▸ **Requirement**
With the pictures excluded, reproduce all of the data exactly.

▸ **Data segment**
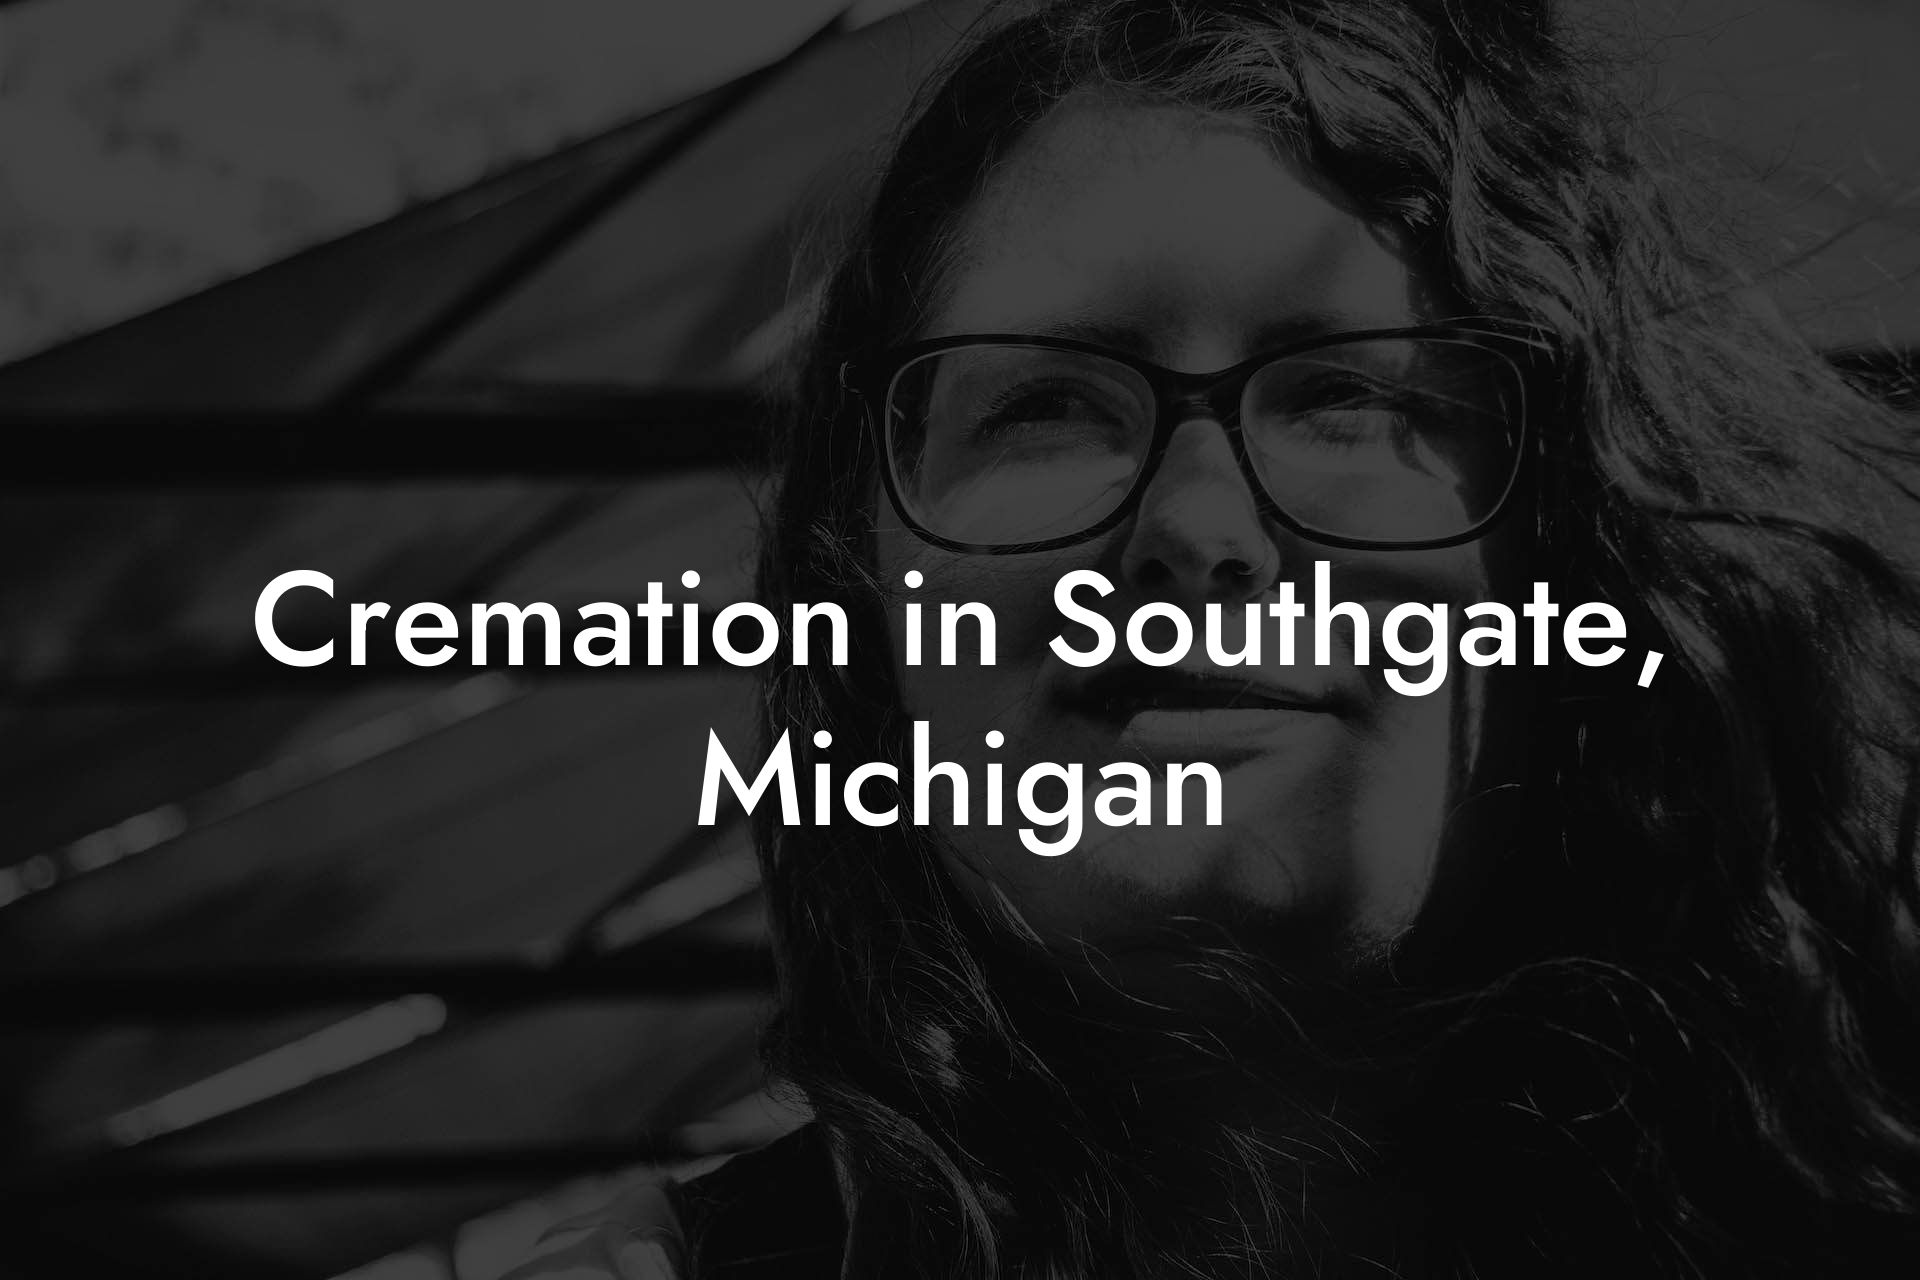 Cremation in Southgate, Michigan
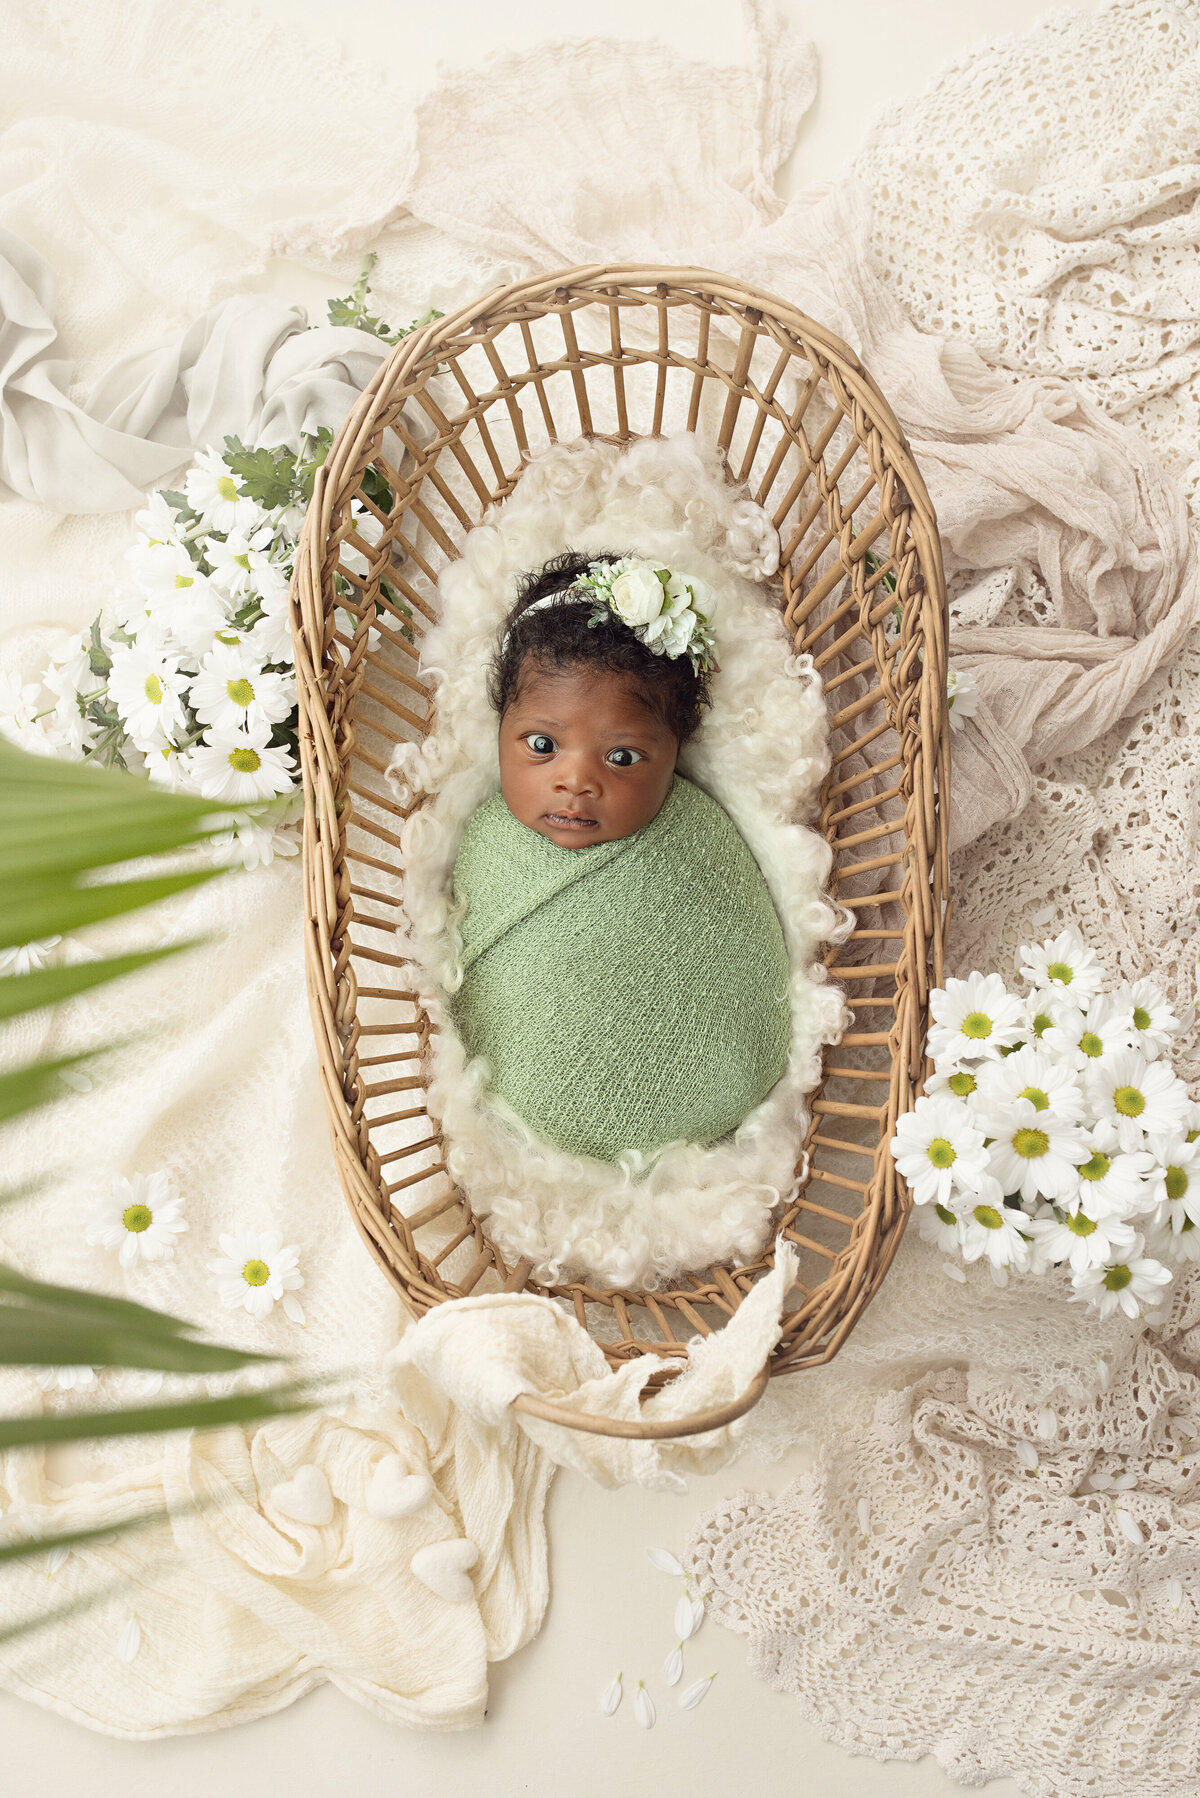 A newborn girl in a green swaddle sleeps in a wicker basket on a lace and fabric covered floor with white daisies
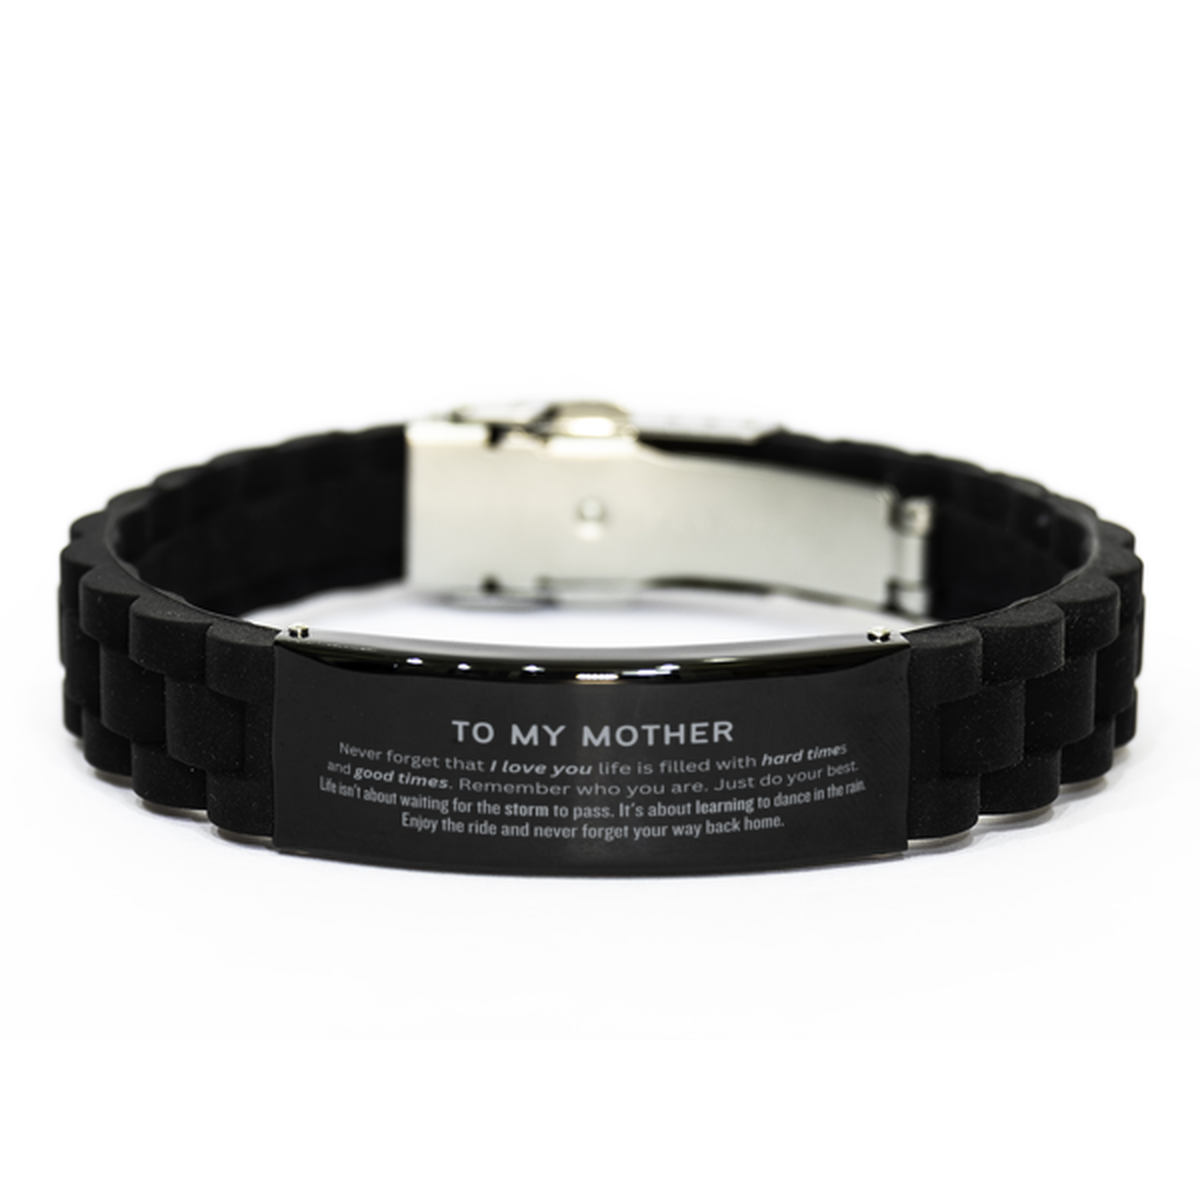 Christmas Mother Black Glidelock Clasp Bracelet Gifts, To My Mother Birthday Thank You Gifts For Mother, Graduation Unique Gifts For Mother To My Mother Never forget that I love you life is filled with hard times and good times. Remember who you are. Just

▸ **Solved exercise**
 Cremation in Southgate, Michigan
 A newborn girl in a green swaddle sleeps in a wicker basket on a lace and fabric covered floor with white daisies
 Christmas Mother Black Glidelock Clasp Bracelet Gifts, To My Mother Birthday Thank You Gifts For Mother, Graduation Unique Gifts For Mother To My Mother Never forget that I love you life is filled with hard times and good times. Remember who you are. Just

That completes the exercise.